**Directions:**
Below are lines of data; restate word for word those running from the line containing "Polarised sunglasses: Comfortable" to the line containing "Thick & Easy", inclusive, and no others.

**The data:**
※ ※ ※

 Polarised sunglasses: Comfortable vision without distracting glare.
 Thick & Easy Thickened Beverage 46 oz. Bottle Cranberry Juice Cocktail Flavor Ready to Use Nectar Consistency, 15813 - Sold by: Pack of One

※ ※ ※

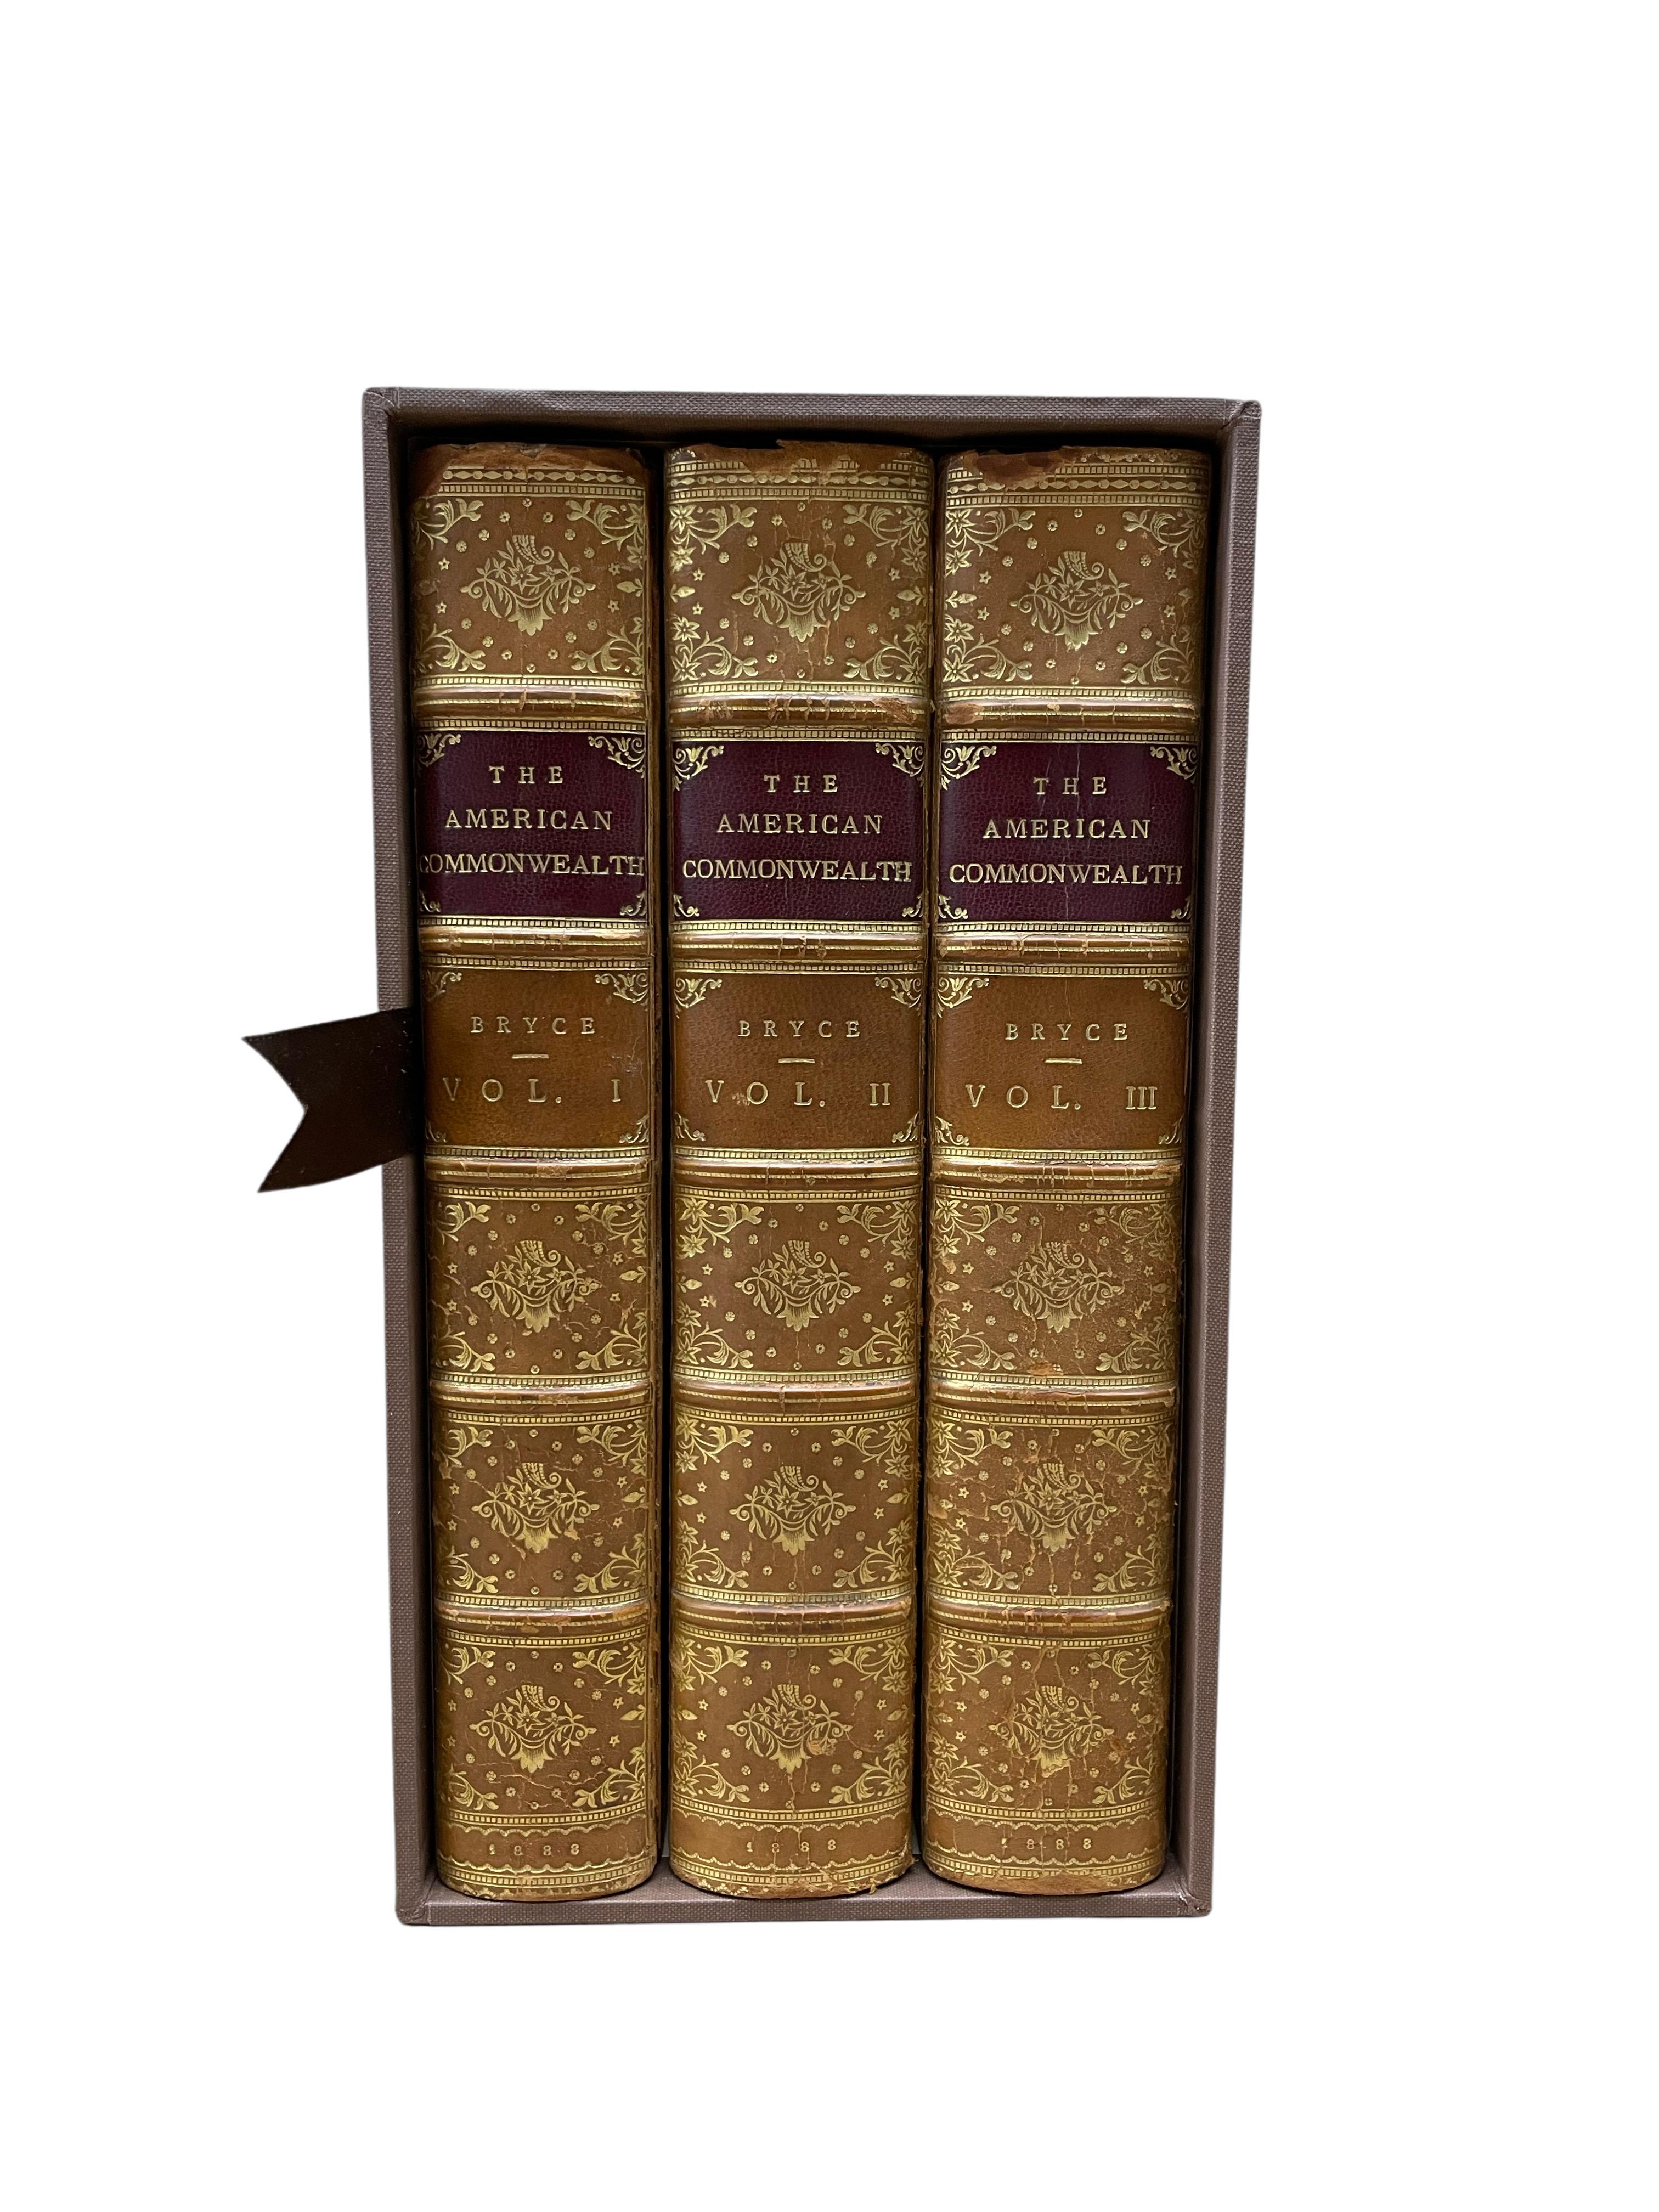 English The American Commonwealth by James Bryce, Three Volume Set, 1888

※ ※ ※

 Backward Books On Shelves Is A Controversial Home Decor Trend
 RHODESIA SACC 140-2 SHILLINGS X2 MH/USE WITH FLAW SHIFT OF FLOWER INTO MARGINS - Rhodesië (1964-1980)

※ ※ ※

**Result of this task:**
 Polarised sunglasses: Comfortable vision without distracting glare.
 Thick & Easy Thickened Beverage 46 oz. Bottle Cranberry Juice Cocktail Flavor Ready to Use Nectar Consistency, 15813 - Sold by: Pack of One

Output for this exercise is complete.